WASHINGTON — The senior civilian official who managed the military's largest contract in Iraq says he was reassigned in 2004 when he refused to approve more than $1 billion in charges to KBR until the Houston company provided credible spending records, The New York Times reported.
"They had a gigantic amount of costs they couldn't justify," retired Army official Charles M. Smith told the Times in a story posted on its Web site Monday night. "Ultimately, the money that was going to KBR was money being taken away from the troops, and I wasn't going to do that."
Smith said he was reassigned and that most of the payments he had questioned were later approved.
The Times reported that Army officials denied that Smith had been replaced because of the dispute. They told the newspaper that his decision to block the payments could have eroded basic services to troops.
"We could not let operational support suffer because of some other things," Jeffrey P. Parsons, executive director of the Army Contracting Command, told the Times.
The KBR contract with the Pentagon has cost more than $20 billion so far, the Times reported. Smith, a civilian employee of the Army for 31 years, told the newspaper that he waited until after he had retired, in February, to speak out.
'some other things" how quaintly transparently evasive.
The fact that Halliburton has been the only victor in Iraq speaks volumes for the @!$%# Americans simply put up with.

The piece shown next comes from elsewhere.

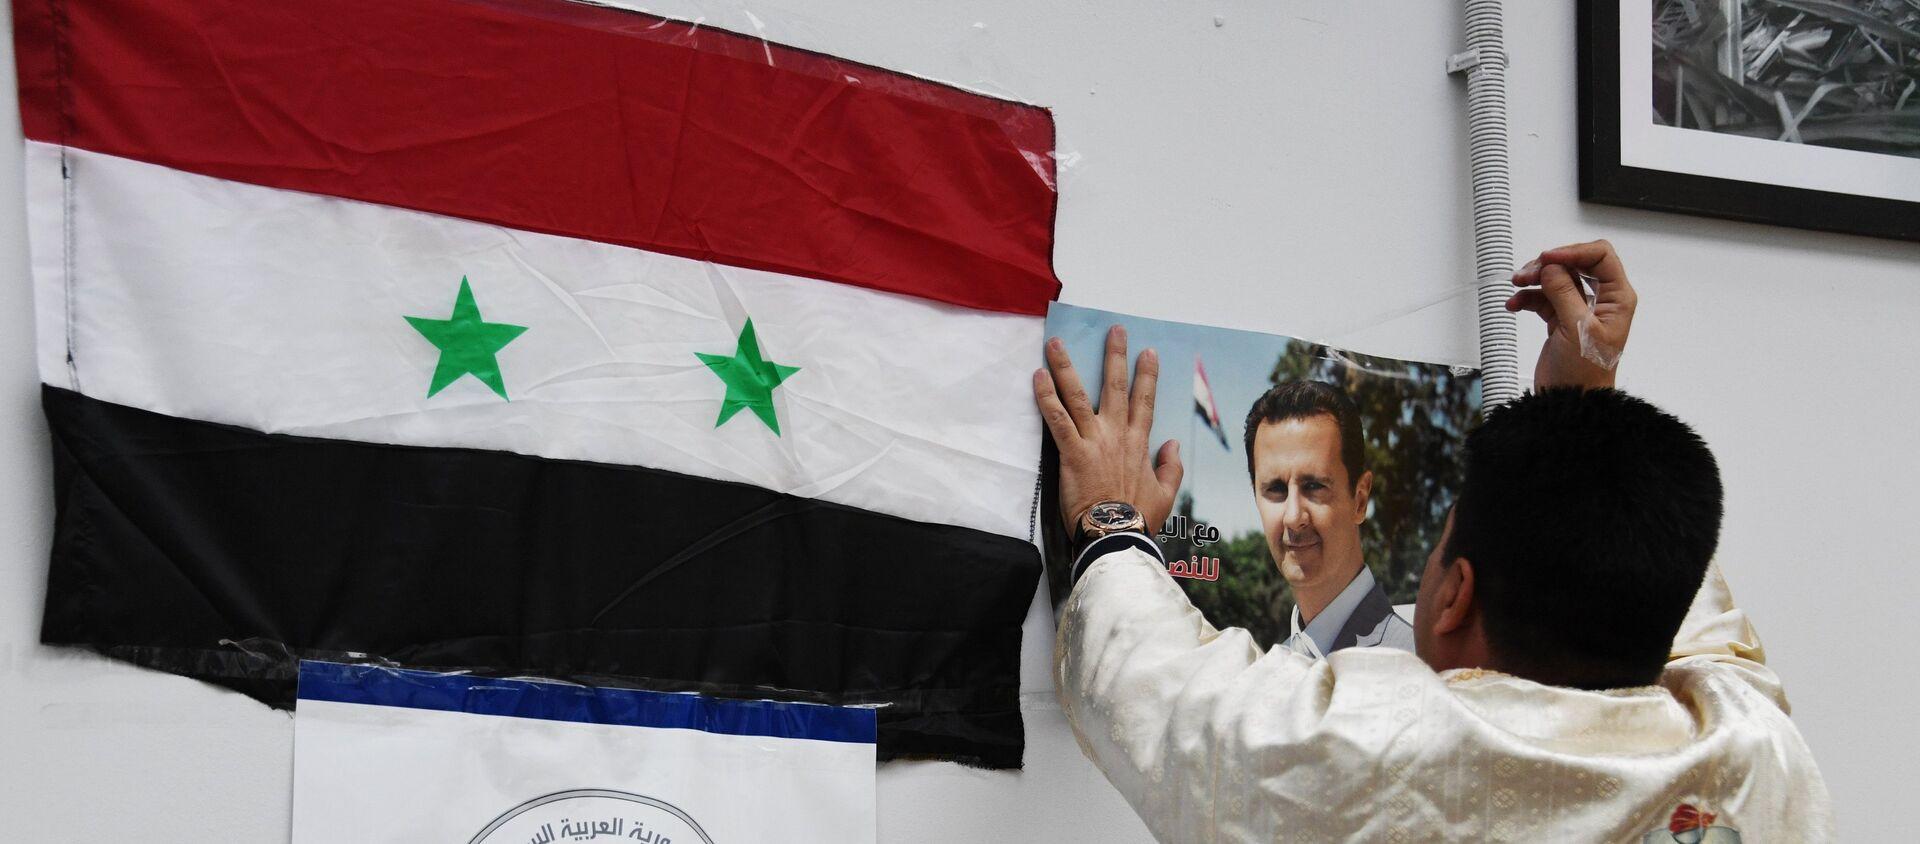 Флаг Сирийской Арабской Республики и портрет президента Башара Асада - Sputnik Армения, 1920, 23.04.2021

Honestly, you deserve all the theft halliburton is responsible for, you know it, they know it and you can get on the inter-tubes and vent if it pleases you but you are collectively patsies too scared/tired/indifferent/comfortable/stupid to care enough to do anything about it and news pieces like this simply reinforce your powerlessness. If they army guys in charge can't do anything then why should you bother right? It's your kids problem.
Oh, I dunno...there are other winners. Regional food service contractors and truckers, mostly from Kuwait and Turkey, are making a killing. Blackwater's sucking a million a day out of taxpayer pockets...
The senior civilian official who managed the military's largest contract in Iraq says he was reassigned in 2004 when he refused to approve more than $1 billion in charges to KBR until the Houston company provided credible spending records, The New York Times reported.
Surely the Army had a good reason to replace him then, right?
The Times reported that Army officials denied that Smith had been replaced because of the dispute. They told the newspaper that his decision to block the payments could have eroded basic services to troops.
But wait, when you're spending taxpayer money, shouldn't you be allowed to ask for credible spending records FIRST? No wonder so much money has been wasted in Iraq with officials like these in charge. And if he wasn't replaced because of the dispute, why was he replaced?